Intéressant article à paraitre dans la revue Strategic Organization écrit par un économiste (Peter Klein) et des chercheurs en management stratégique (Agarwal, barney et Foss) sur l’implication de l’hétérogénéité des ressources et compétences détenues par les firmes sur les mesures macroéconomiques qui ont suivi la crise financière. Les auteurs partent du constat que les modèles macroéconomiques et les politiques macro qui en sont issues reposent typiquement sur une hypothèse d’homogénéité des facteurs de production, des firmes et des industries. Ces ensembles homogènes sont ensuite fondus au sein de divers agrégats (par exemple les C, I, G et Y de la macro keynésienne à papa) dont on postule qu’il existe entre eux des relations (comptables ou causales). Les auteurs soulignent que cette hypothèse est en contradiction avec de nombreux travaux en management stratégique développés à partir de l’approche des ressources et compétences (ressource based view).

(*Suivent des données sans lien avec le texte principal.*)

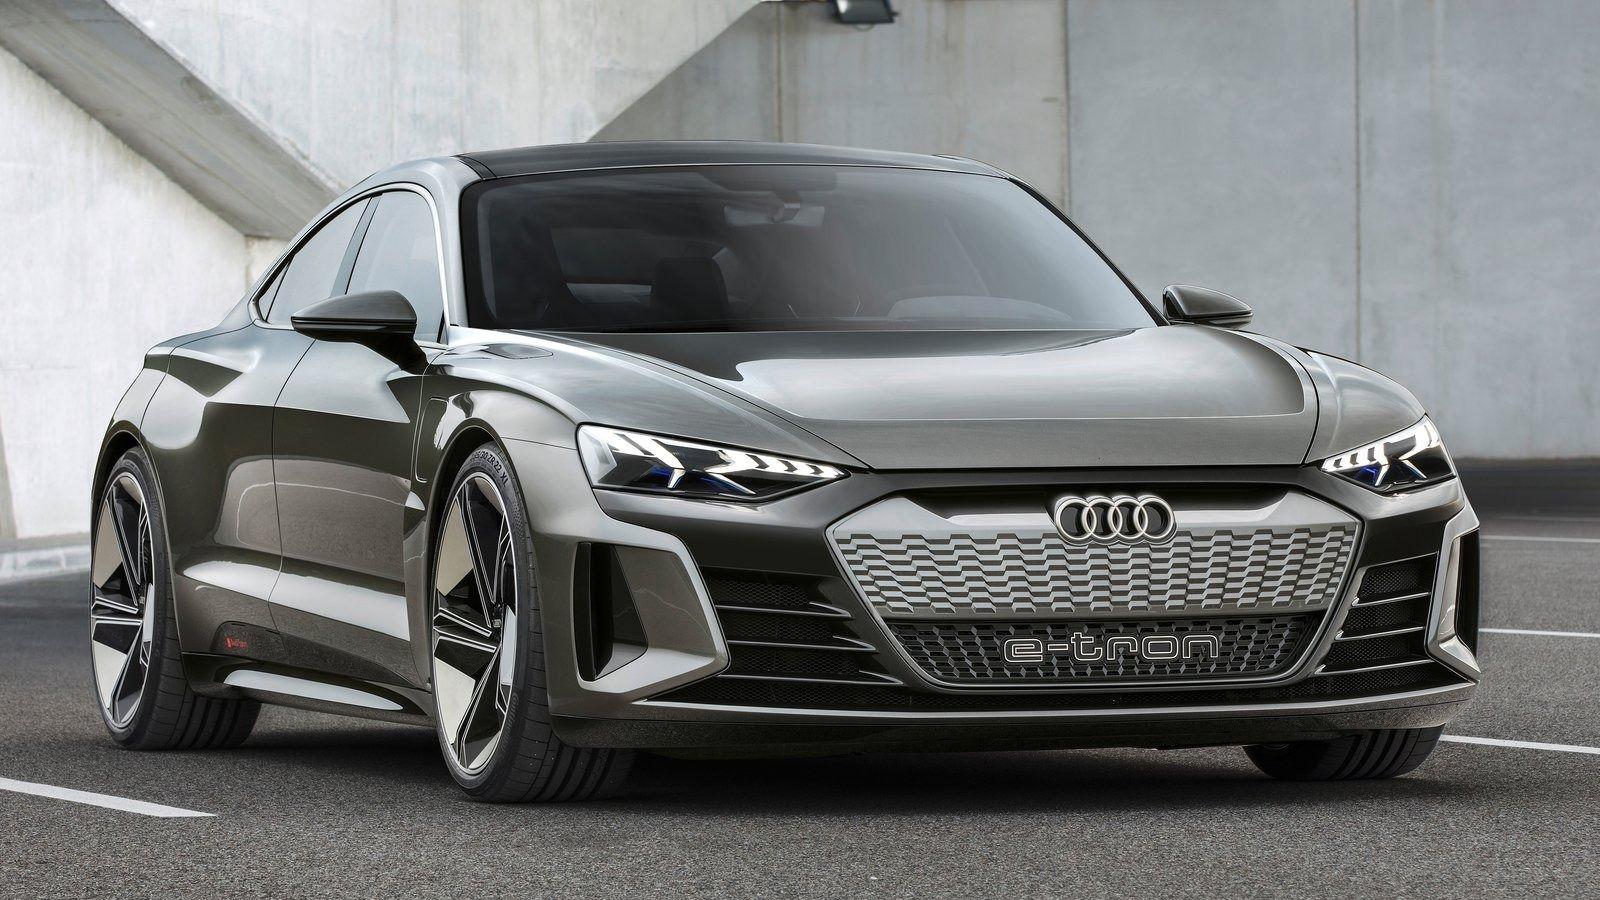 New Audi E Tron Gt Concept Audi E Tron E Tron Audi Cars
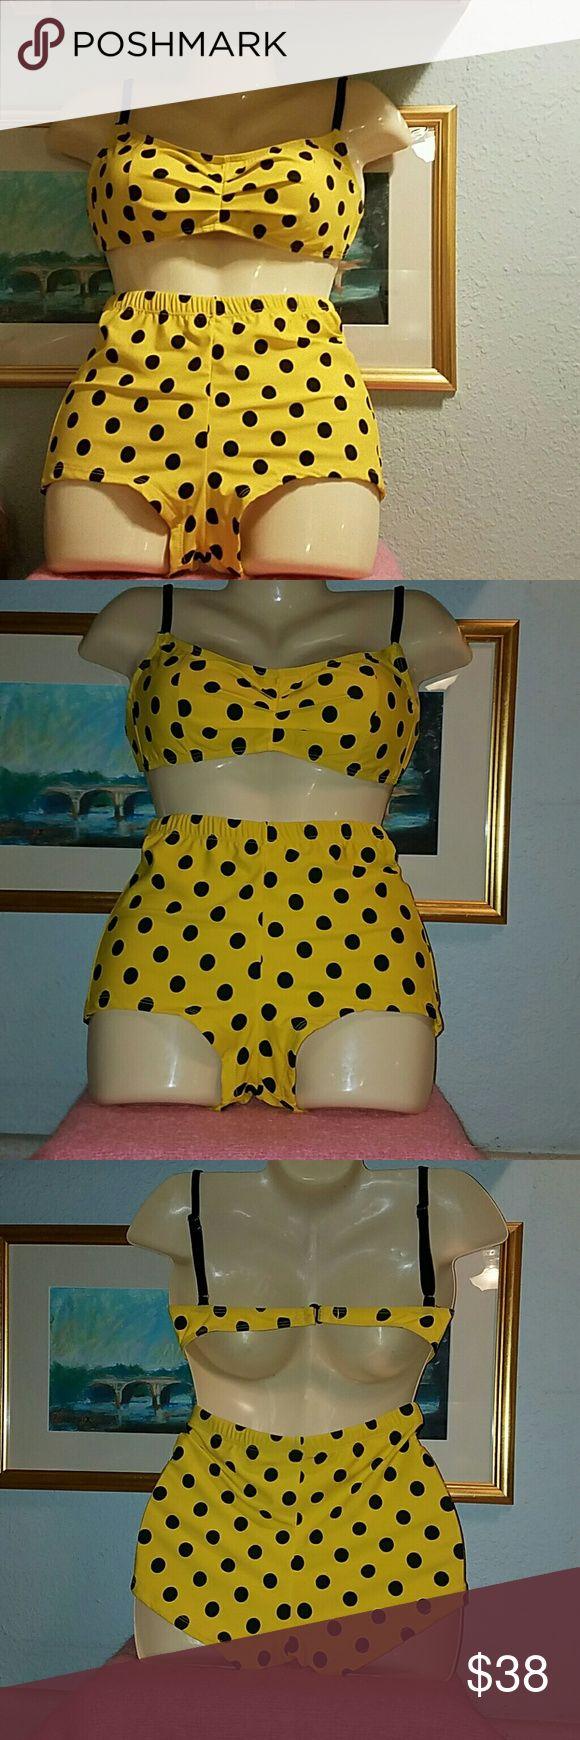 Girl Howdy pin up yellow polka dot bikini Girl howdy pin up yellow polka dot bikini.  High waist. Girl howdy  Swim Bikinis

L’approche par les ressources consiste à considérer que chaque firme possède un ensemble hétérogène de ressources et de compétences, en un mot d’actifs, partiellement substituables et complémentaires, plus ou moins facilement redéployables, plus ou moins spécifiques, et conférant un avantage concurrentiel. Une telle hétérogénéité au niveau microéconomique implique qu’une perspective macroéconomique homogénéisante peut conduire à ignorer les difficultés et les enjeux posés tant pour les firmes que pour les pouvoirs publics. Les auteurs (ce qui n’est pas étonnant quand l’on connait leurs préférences théoriques) font remarquer que l’analyse macroéconomique développée par l’économie autrichienne, et sur laquelle repose notamment la théorie autrichienne du cycle, prend également en compte l’importance de l’hétérogénéité des ressources en introduisant notamment la dimension temporelle du processus de production et l’aspect irréversible de certains investissements.  Selon les auteurs, une fois la dimension de l’hétérogénéité intégrée, on ne peut qu’être sceptique concernant l’efficacité des politiques budgétaires de relance dans la mesure où ces dernières traitent de manière uniforme tous les secteurs de l’économie, ou en tout cas toutes les firmes d’un même secteur. Il peut même y avoir des effets pervers : conforter les firmes dans des investissements inadaptées et favoriser les pratiques de rent-seeking. Dans l’idéal, seule des mesures au cas par cas, prenant en compte la situation spécifique de chaque firme, pourrait s’avérer efficace, ce qui est évidemment impossible à mettre en oeuvre.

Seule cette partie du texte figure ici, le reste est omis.